Do you find it nearly impossible to celebrate anything?
Are you finding it difficult to cherish the people who remain in your life after losing someone very special to you?
After traumatic loss, it is difficult to get ourselves to a place where we want to celebrate holidays, anyone else, or anything else. We often need to be a bit selfish in order to survive. But it is important to celebrate and be grateful for others around us.
Think about it — wouldn’t your lost loved one want you to celebrate your family? Your friends? The holidays? Their lives? Wouldn’t they be celebrating with you if physically here on Earth? Aren’t they still celebrating with you while in spirit? I bet they are!

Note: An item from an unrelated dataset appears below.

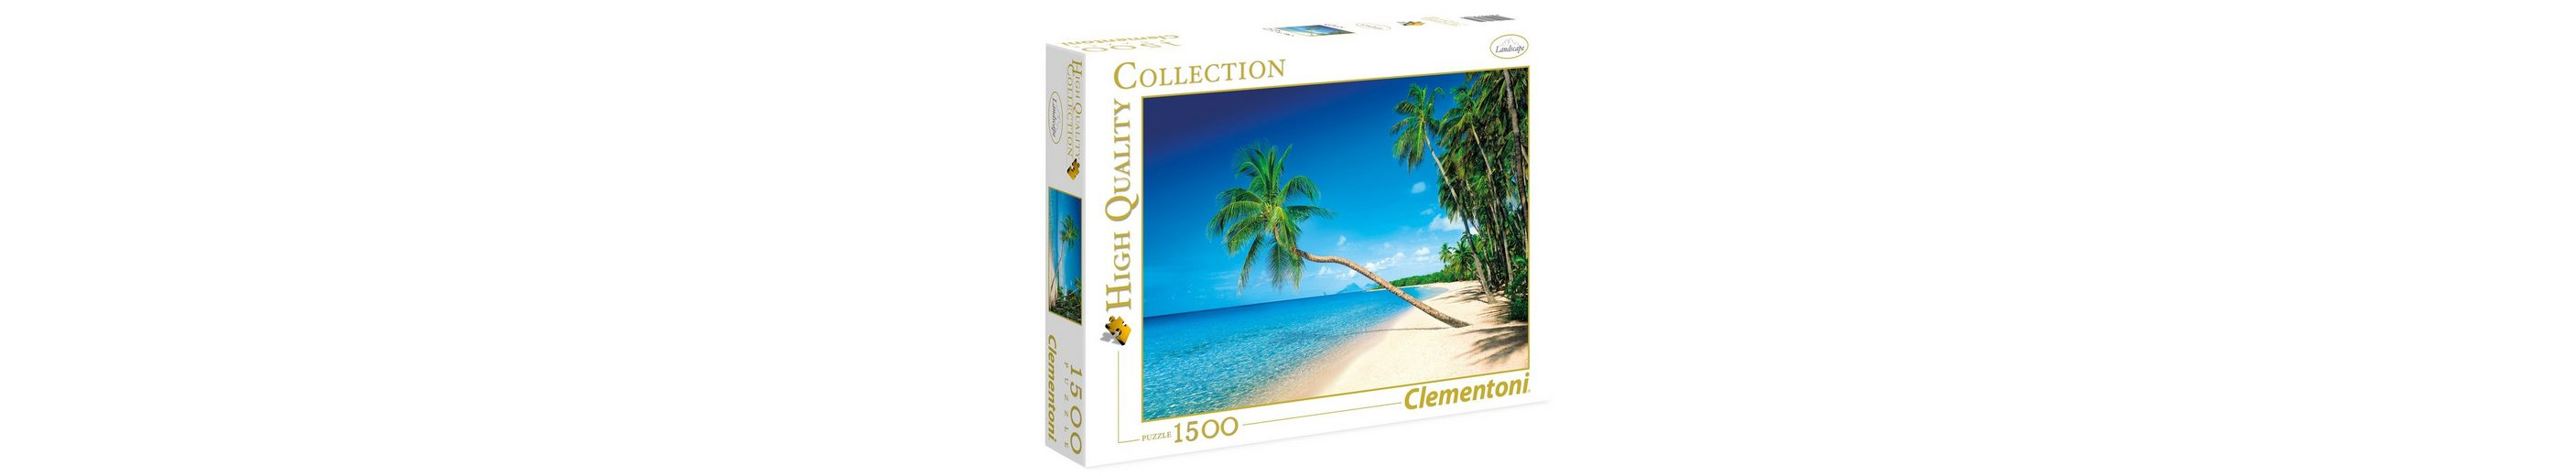 Clementoni Puzzle, 1500 Teile, »Martinique, Karibik«

The more you can focus on being grateful for those around you, the quicker you will heal, and the more positive things will come your way. Thanksgiving is this month, the perfect time to practice gratitude… even though holidays are difficult after loss. Give yourself a break. Let people help you with the dinner or gathering. Better yet, let someone else do it and bring something (that is easy on you) to help them. They’ll appreciate you, you appreciate them.
Outwardly showing appreciation for your other grieving family members will help them heal too, and can lift them into a more positive state of mind. Celebrate their occasions and victories — don’t ignore them because you feel loss. It just makes them feel more loss (their relationship with you) than they already have endured. Staying morose and ignoring them could even cause resentment of your lost loved one. This is especially true around the loss of one child in a multi-child family, or spouses grieving differently over the loss of their child. The ones remaining need more TLC than ever! Be understanding. Be thankful for them. You can be sure your lost family member is there celebrating with them — join them!
My 32-year-old son Brad recently got engaged to a wonderful woman. I am so happy for them! I lost his older brother Brent and his younger brother Robbie, but I know they are happy for Brad too. I could feel that they were at the engagement party which I hosted last weekend for Brad and his lovely fiancee. It will be difficult not to have his brothers physically at the wedding, but I believe they will be there in spirit. Actually Brent already sent me a message through a trusted friend and medium that he will be there… in a tux and cufflinks! We will celebrate the wonderful occasion, and our growing family as well as the love we have for each other, ALL of us.
So, celebrate those school, work and personal triumphs with your other family members. Celebrate your love for them. Celebrate the holidays with those remaining close to you. It will make you all happier, more grateful and more healed.
Wishing you have a loving, peaceful and grateful Thanksgiving holiday.